§ **Task brief**
Could you print the listing again exactly, omitting the pictures?

§ **Exercise data**
☆ ☆ ☆

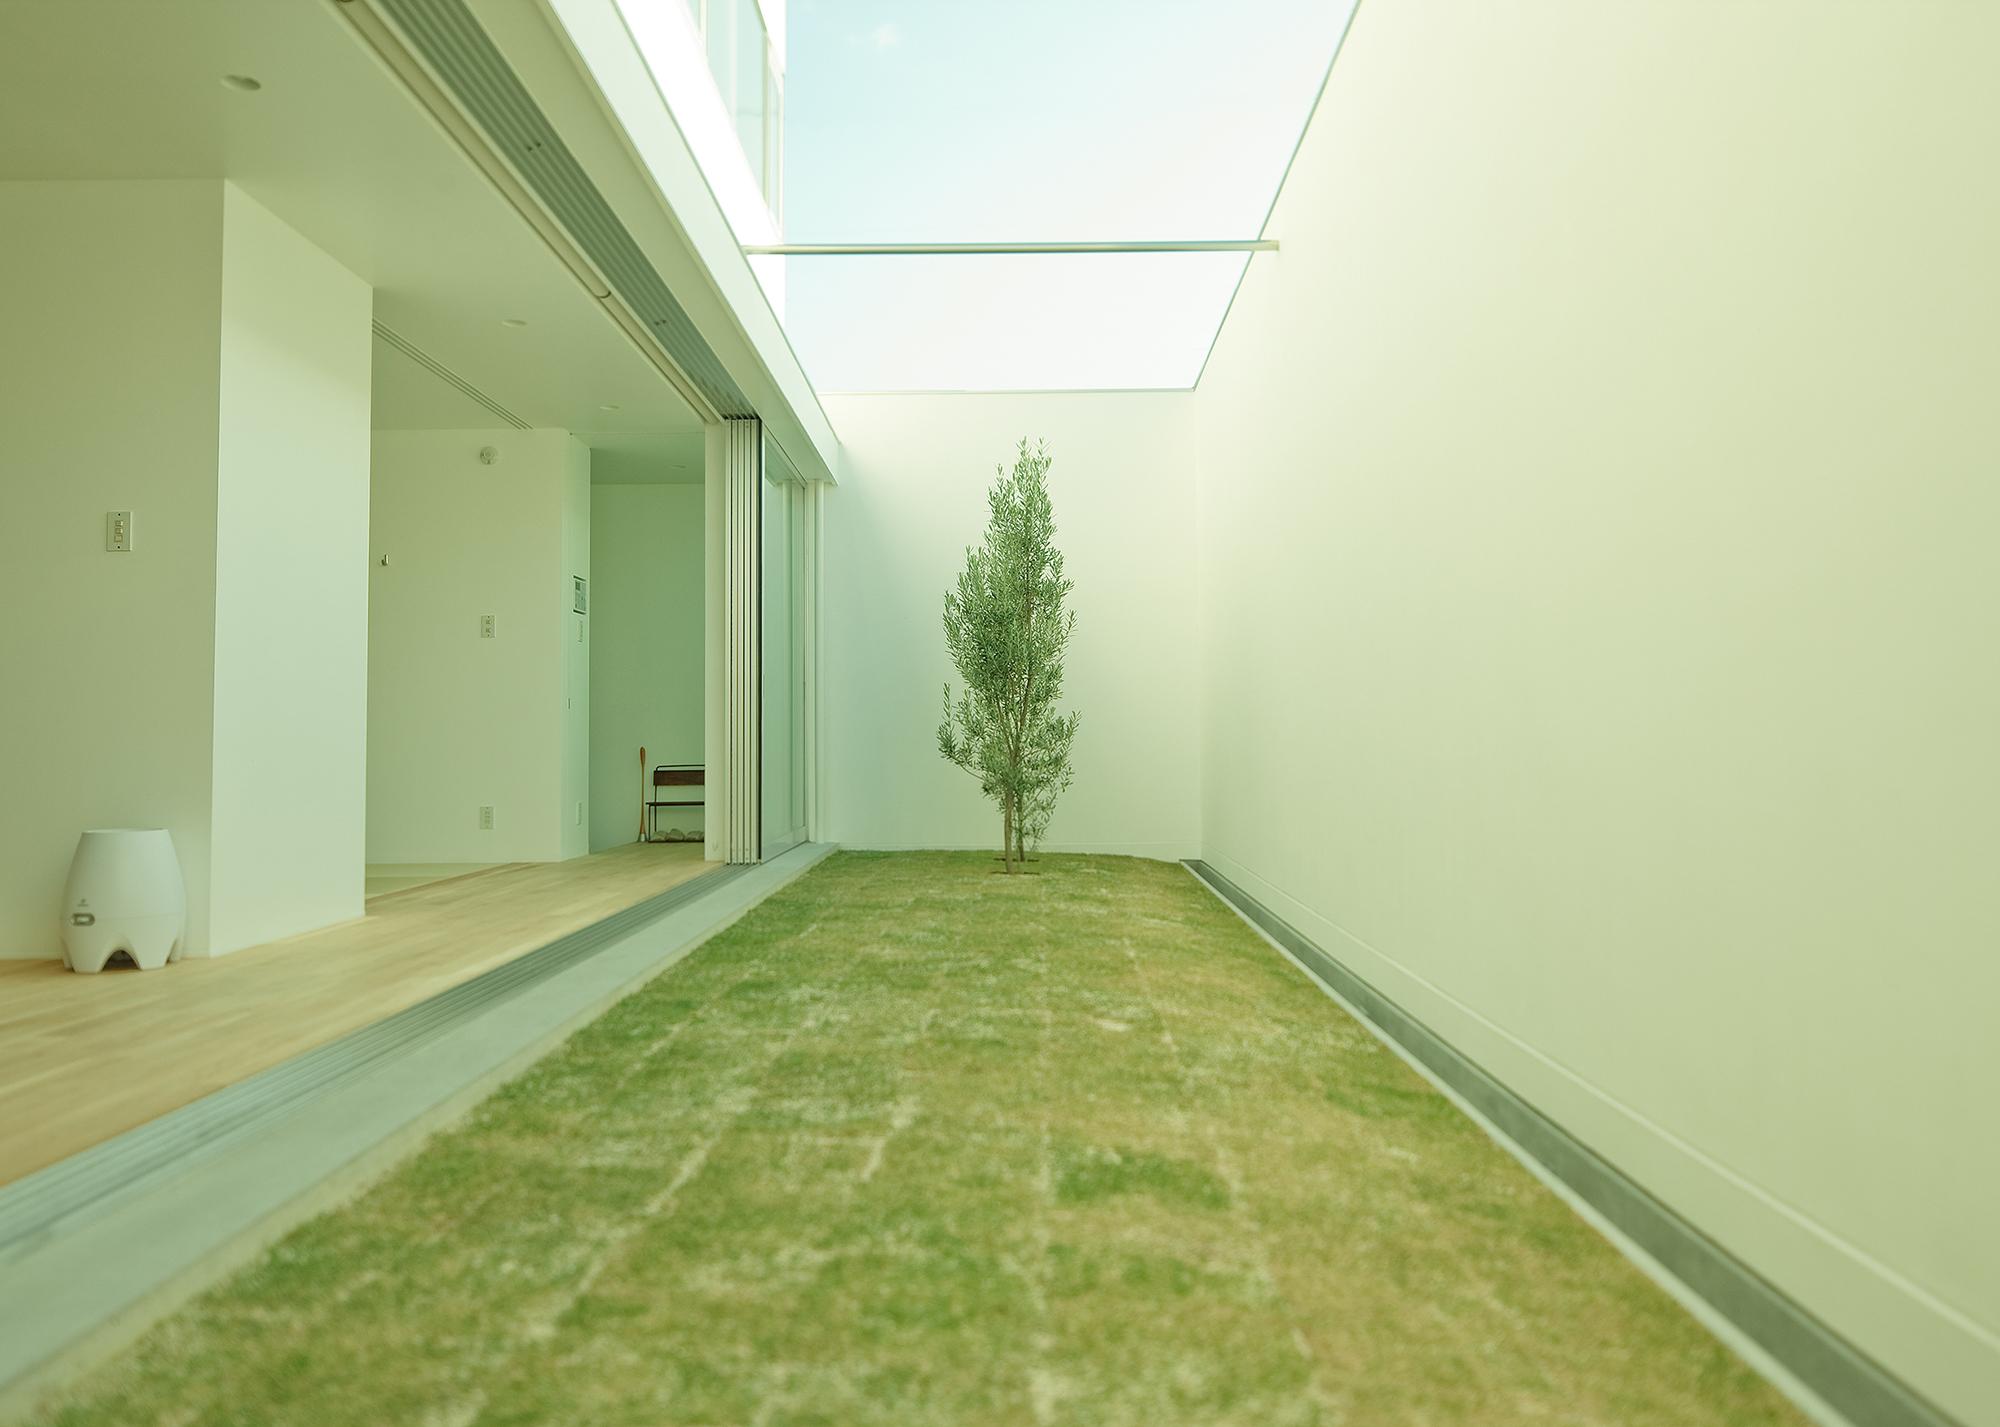 建築家が提案する中庭型住宅
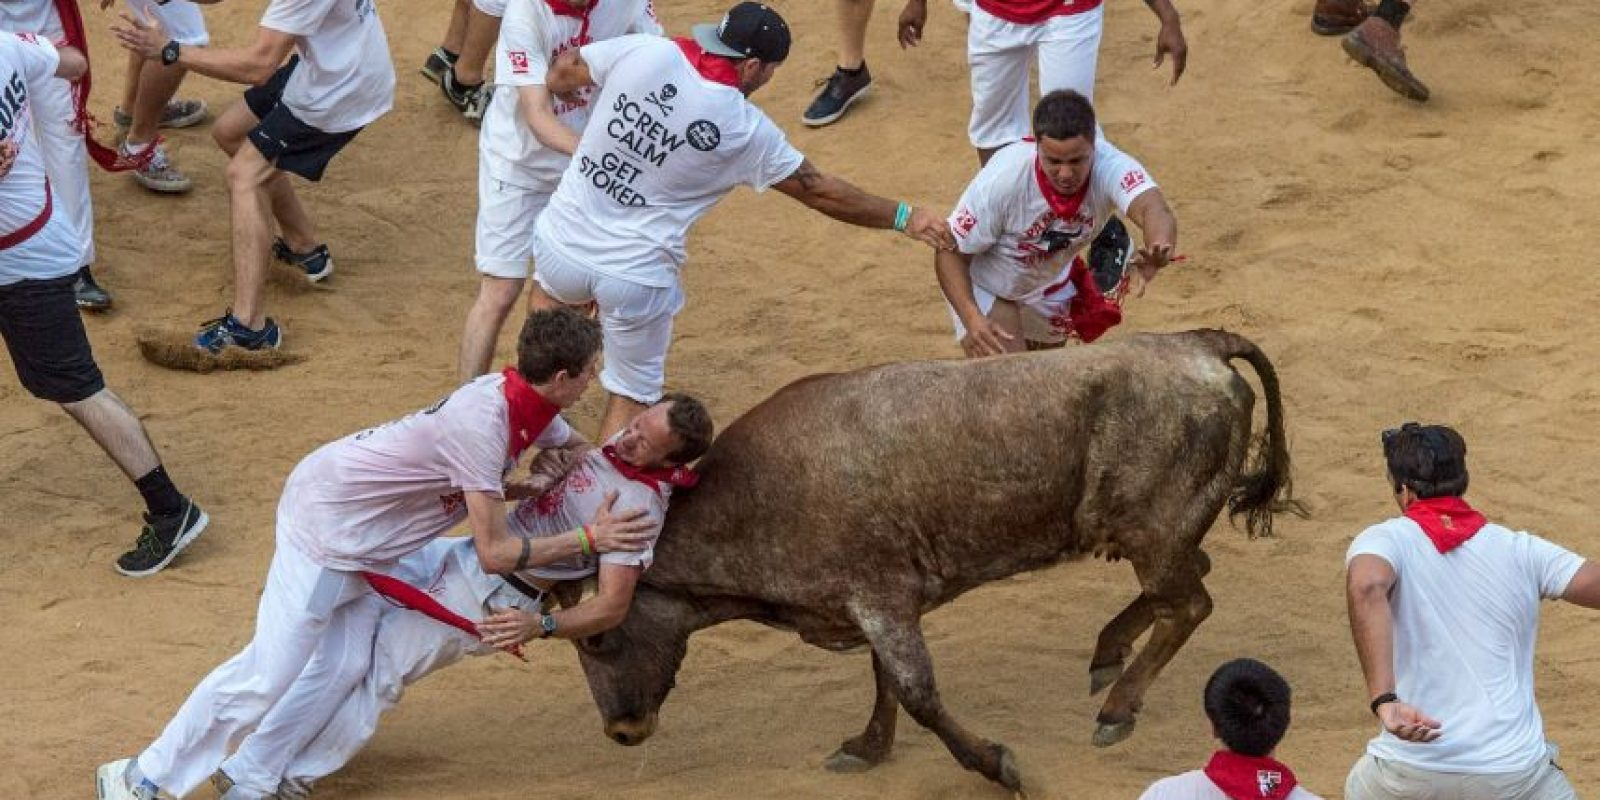 """Los festejos comienzan con el lanzaiento del """"chupinazo"""" desde el balcón del Ayuntamiento de Pamplona a las 12 del mediodía del 6 de julio. Foto:Getty Images"""
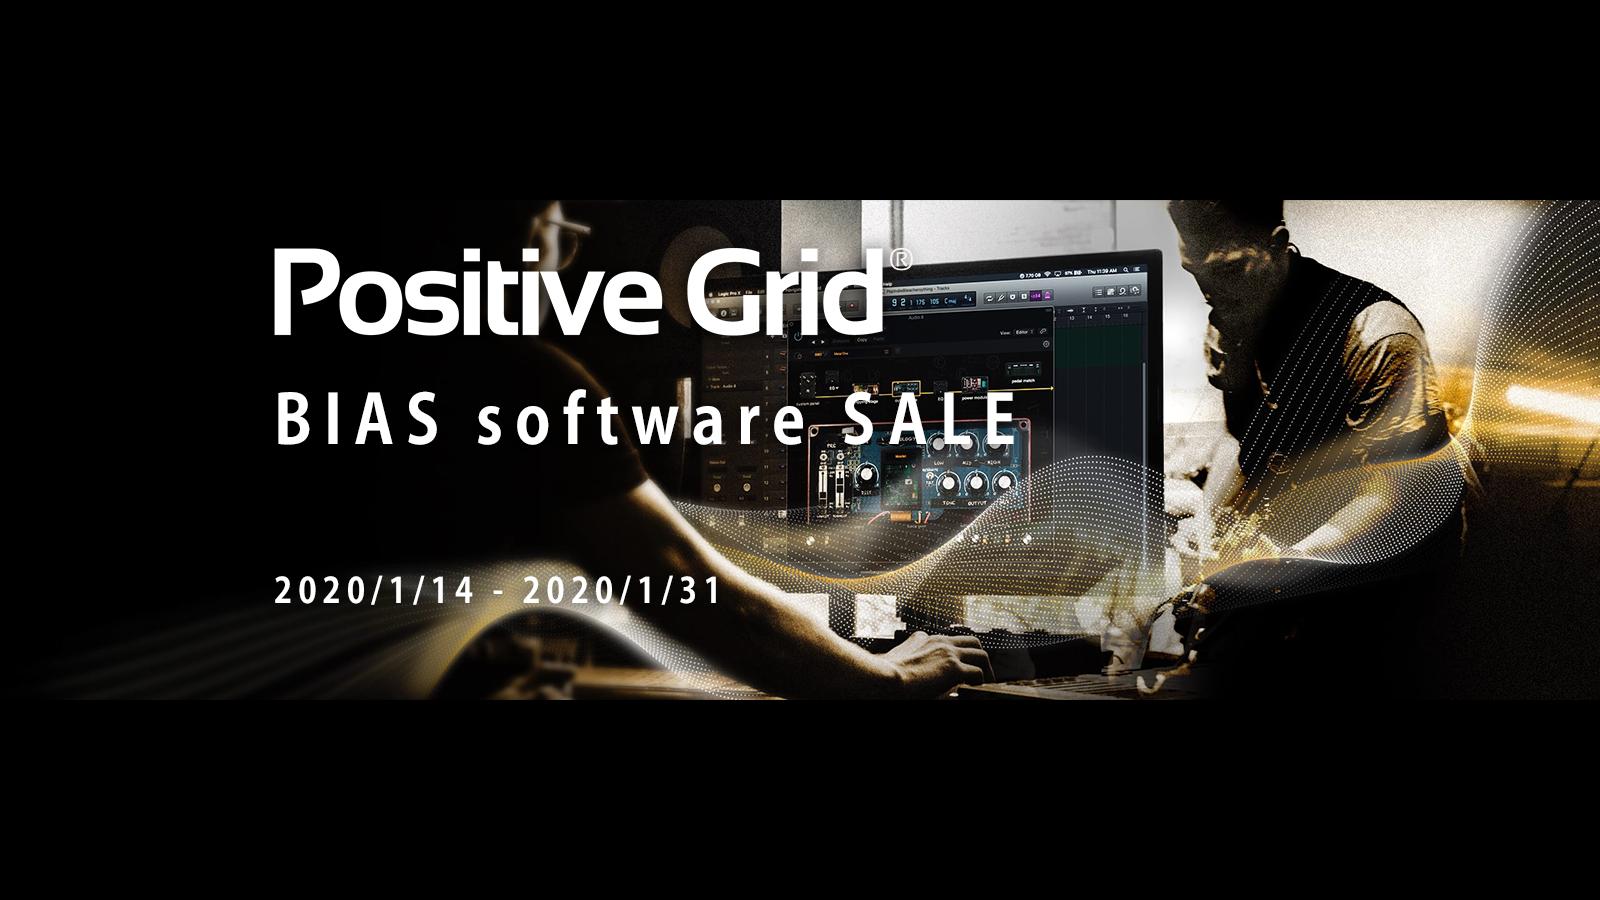 Positive Grid BIAS software SALE
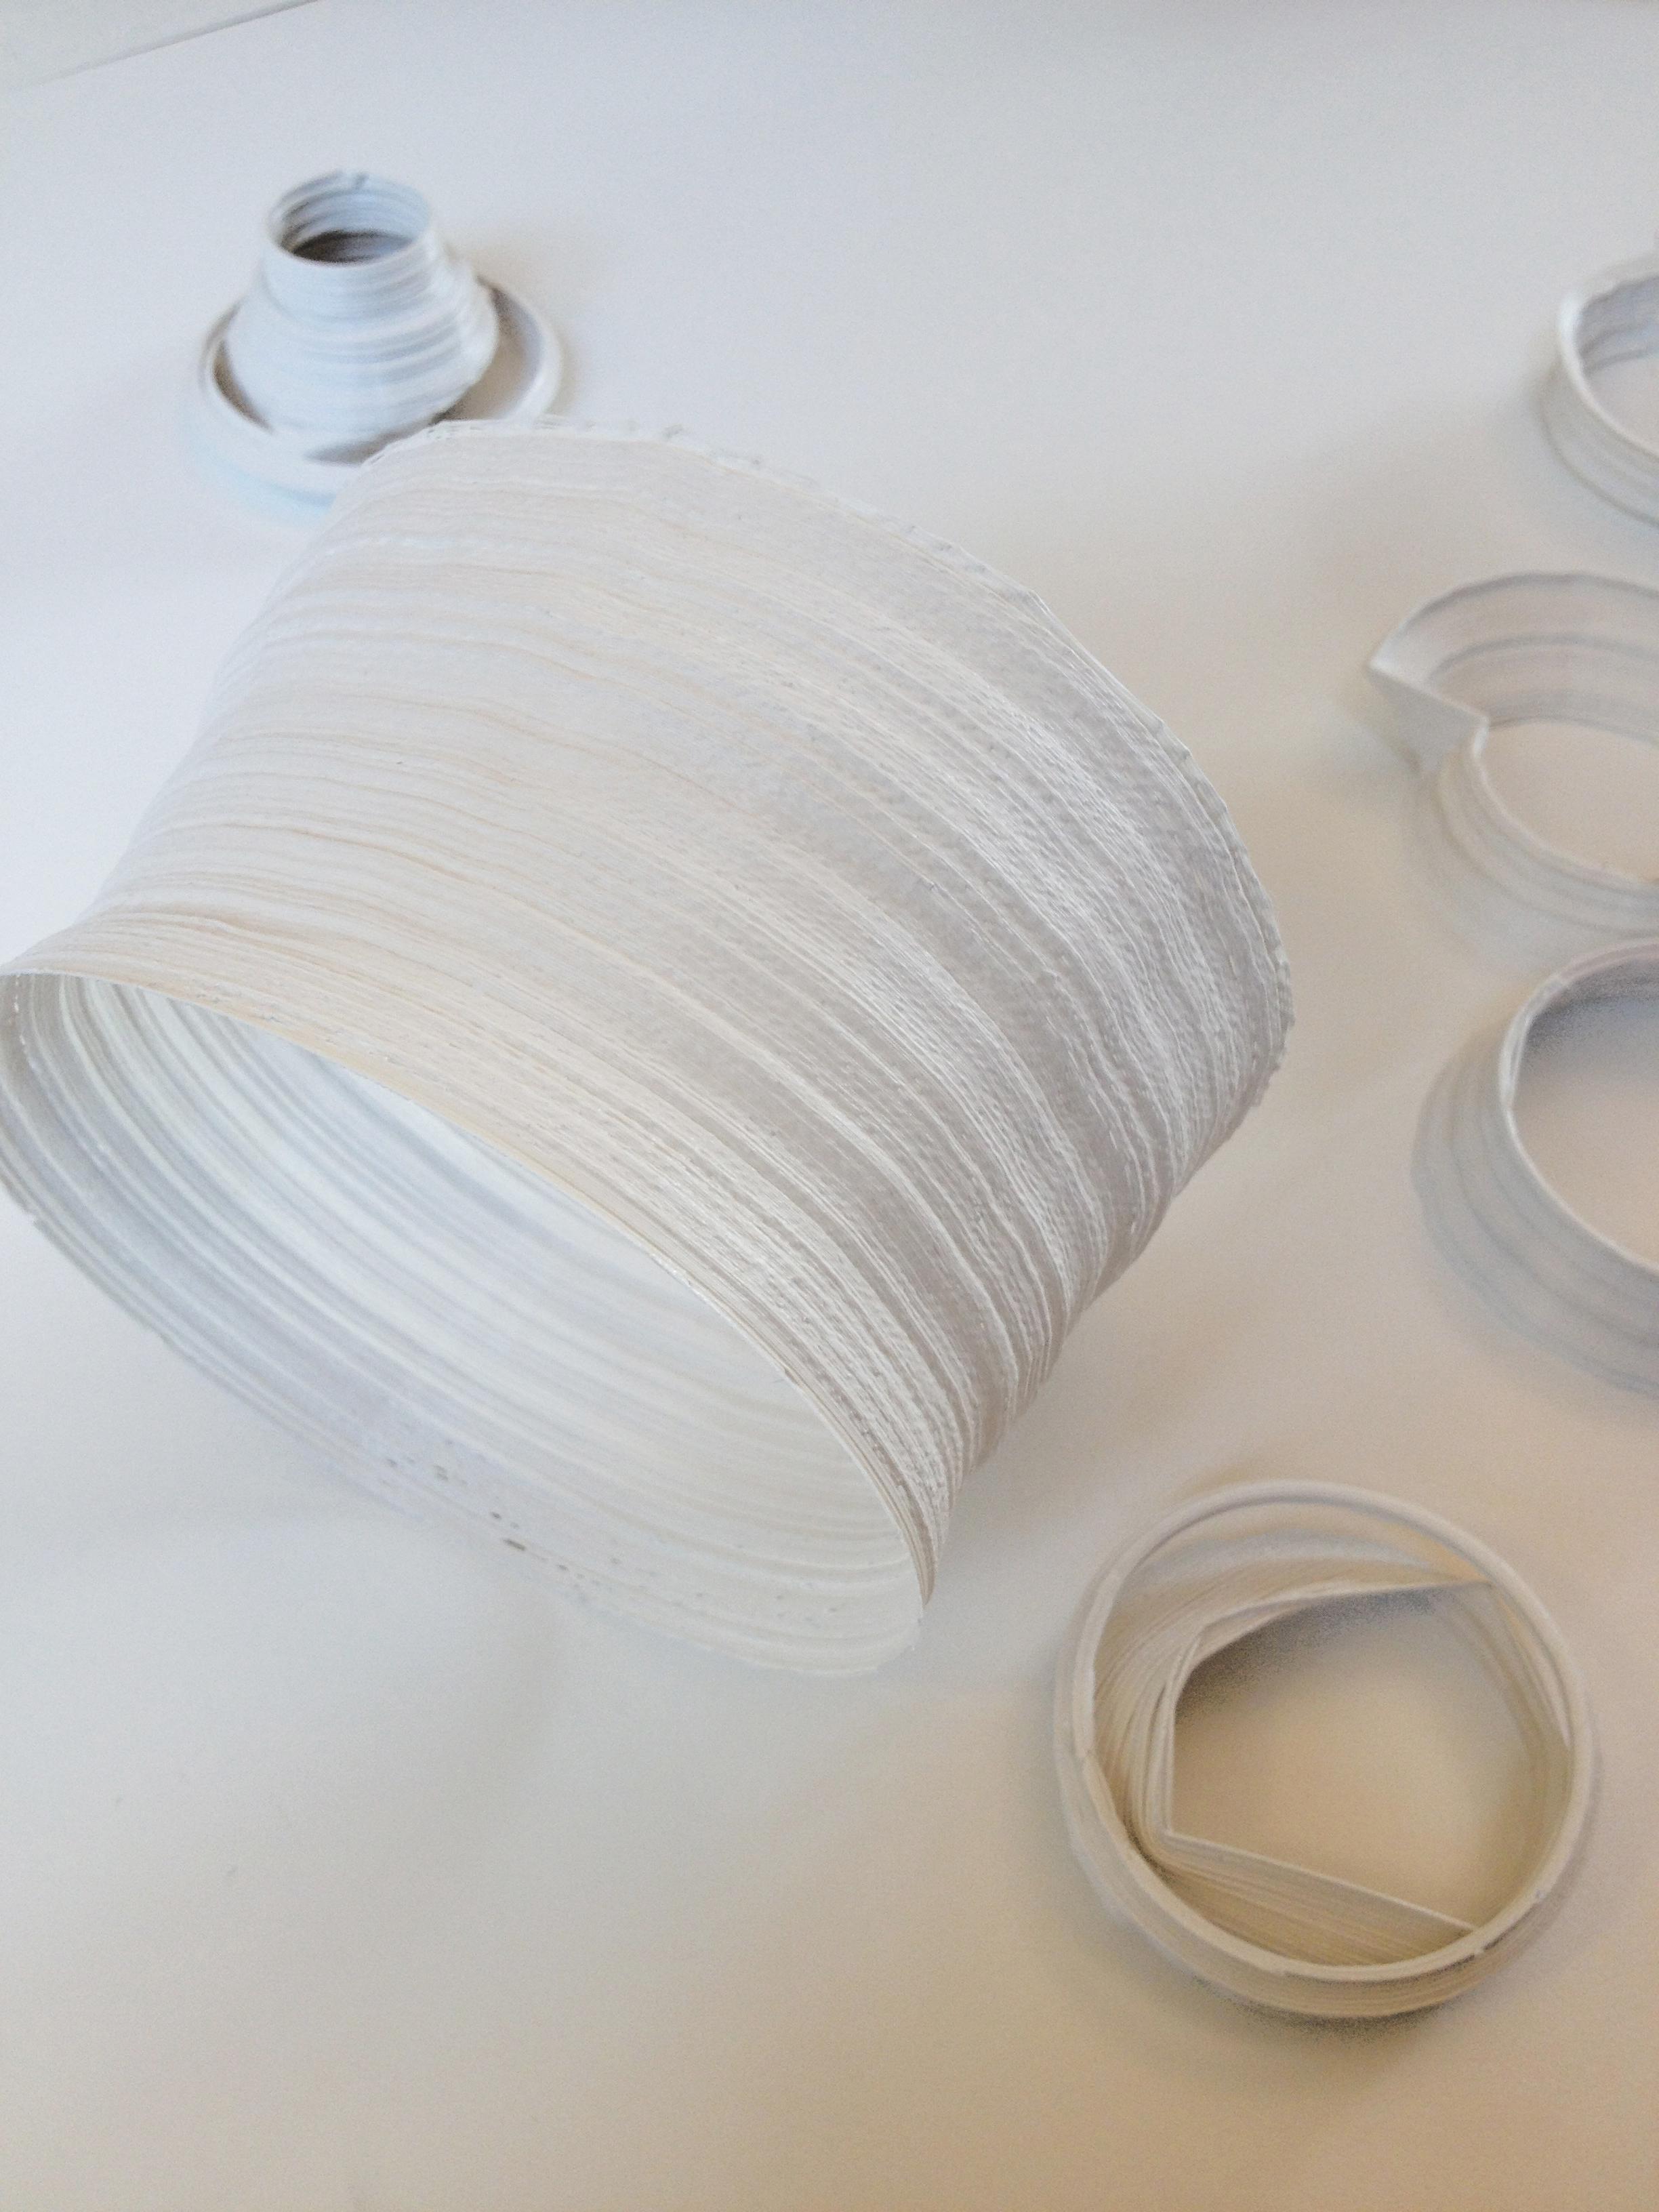 brain printing prototype 3

☆ ☆ ☆

§ **Task result**
 建築家が提案する中庭型住宅
 """Los festejos comienzan con el lanzaiento del """"chupinazo"""" desde el balcón del Ayuntamiento de Pamplona a las 12 del mediodía del 6 de julio. Foto:Getty Images"""
 Positive Grid BIAS software SALE
 brain printing prototype 3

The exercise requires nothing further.